Task to complete: Only the lines from the one containing "Plain Christmas Tree" through the end of the data below are to be repeated, exactly as given, without pictures.

Supplied information:
________________

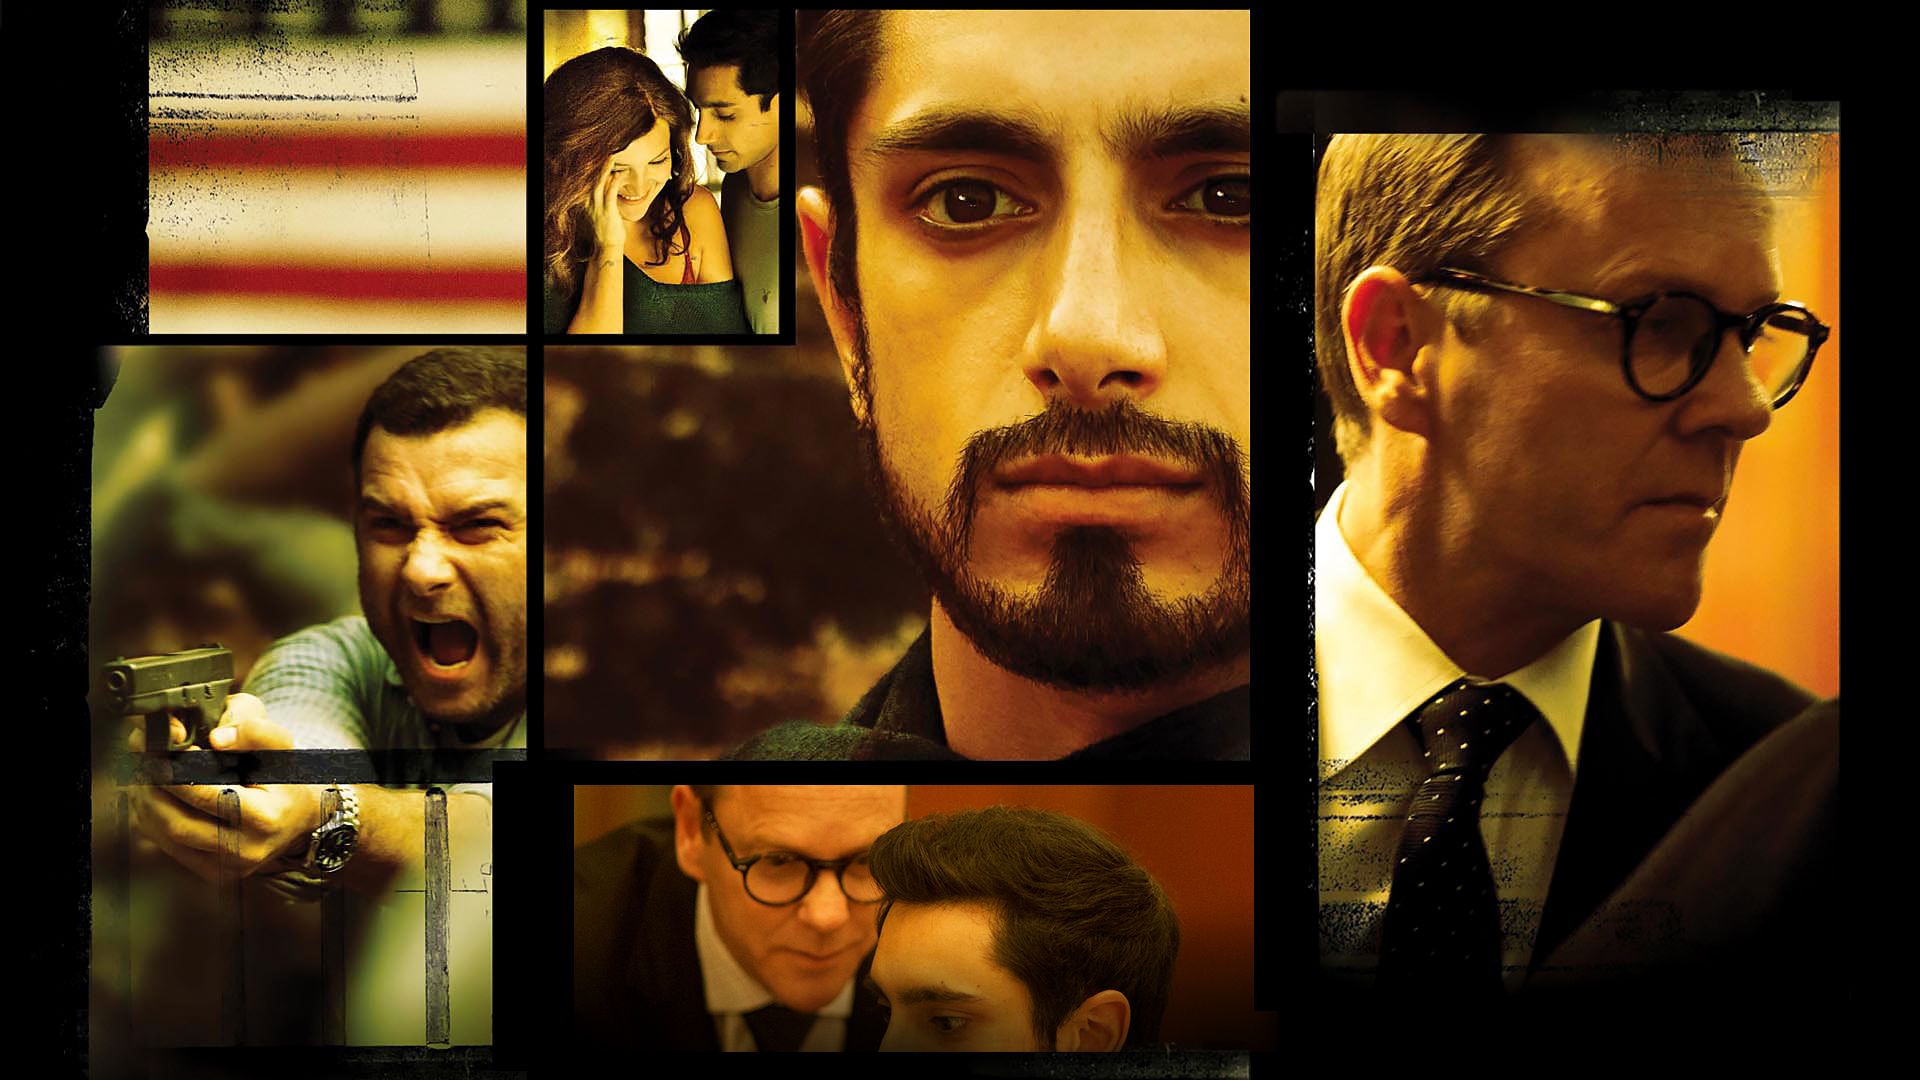 The Reluctant Fundamentalist background
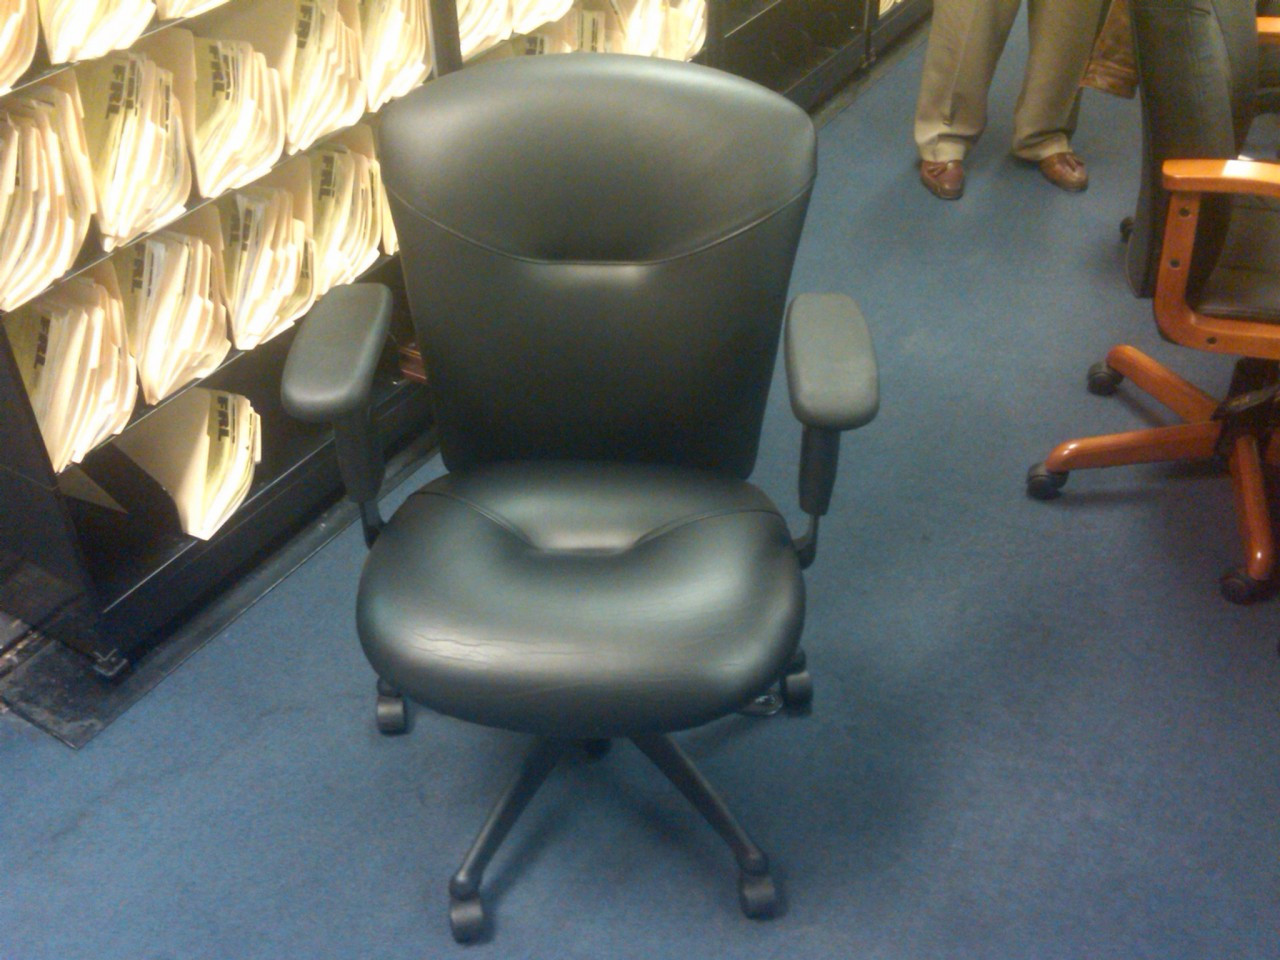 Common Office Chair Problems You Face Soft2share
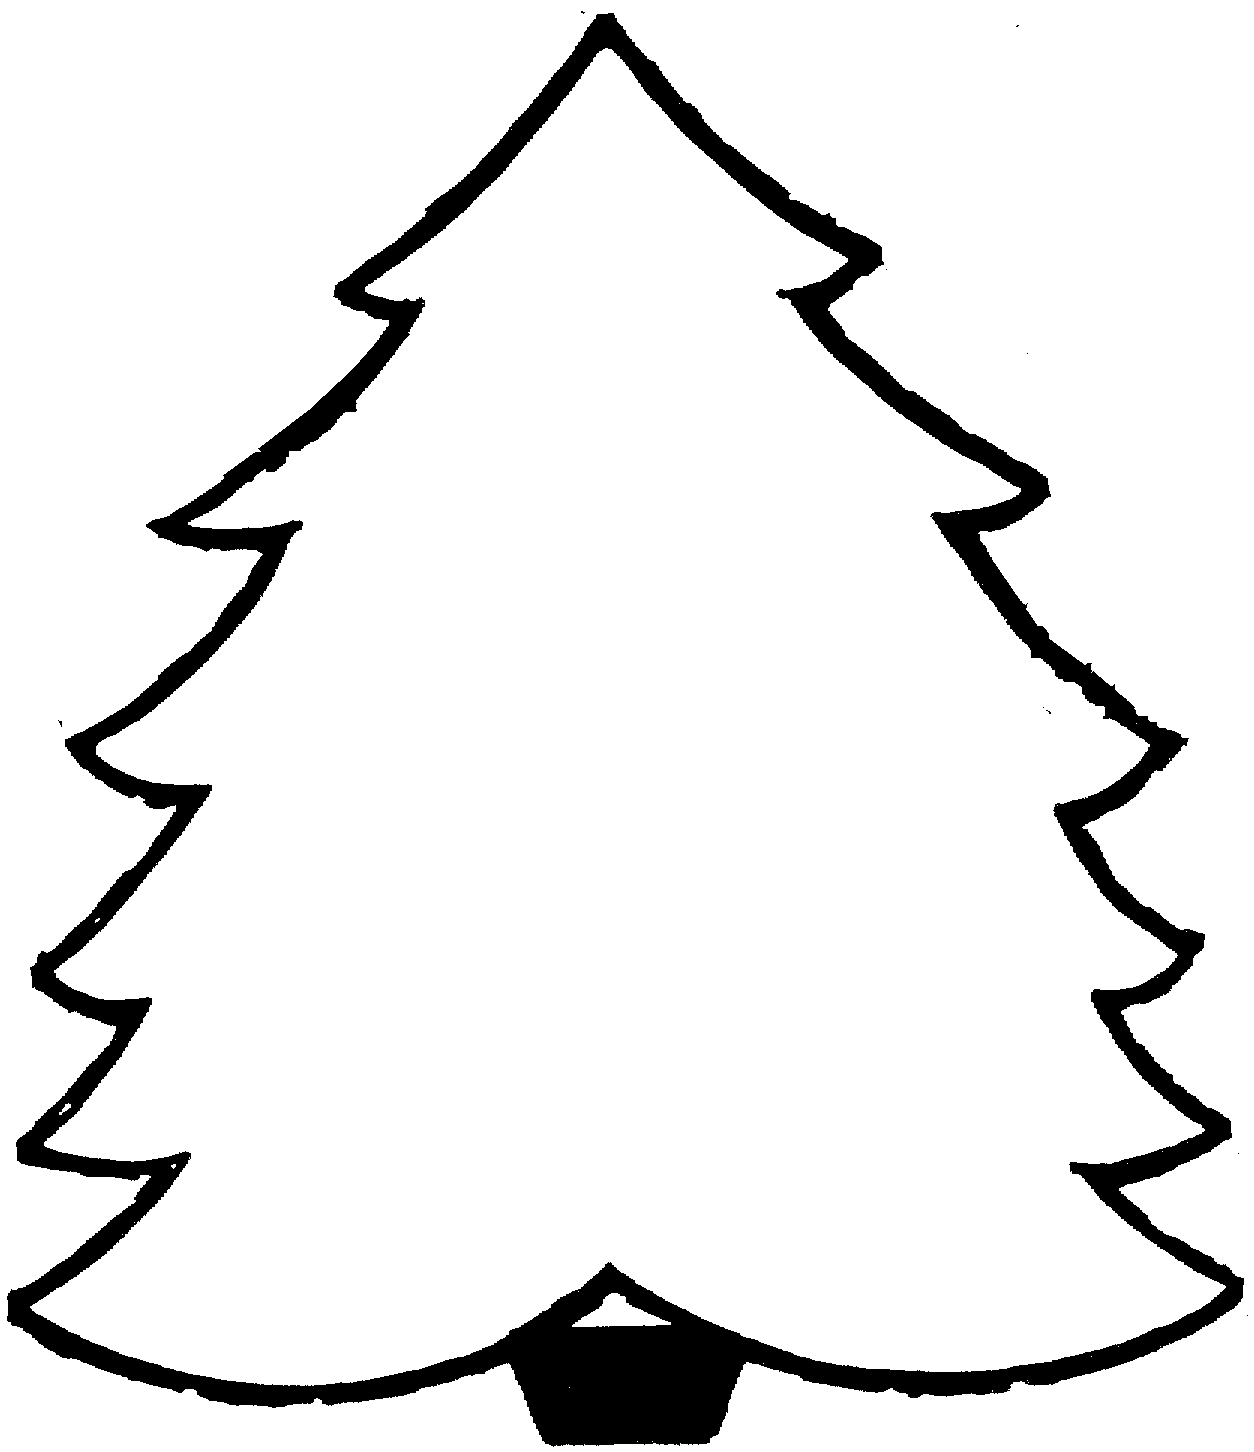 Plain Christmas Tree Coloring Page - Printable Free Coloring Pages
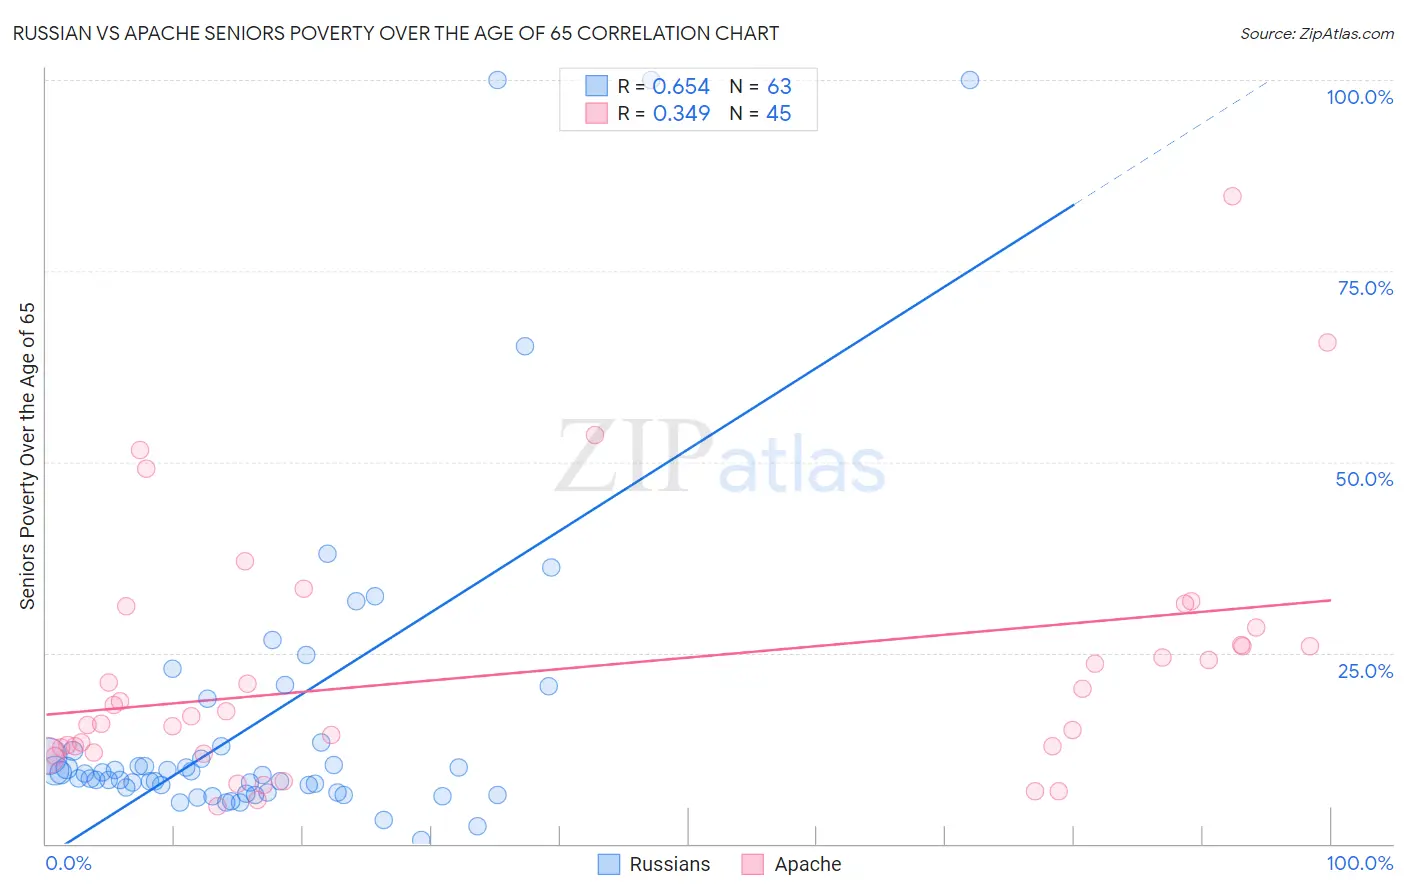 Russian vs Apache Seniors Poverty Over the Age of 65

________________

Answer to the exercise:
 Plain Christmas Tree Coloring Page - Printable Free Coloring Pages
 Russian vs Apache Seniors Poverty Over the Age of 65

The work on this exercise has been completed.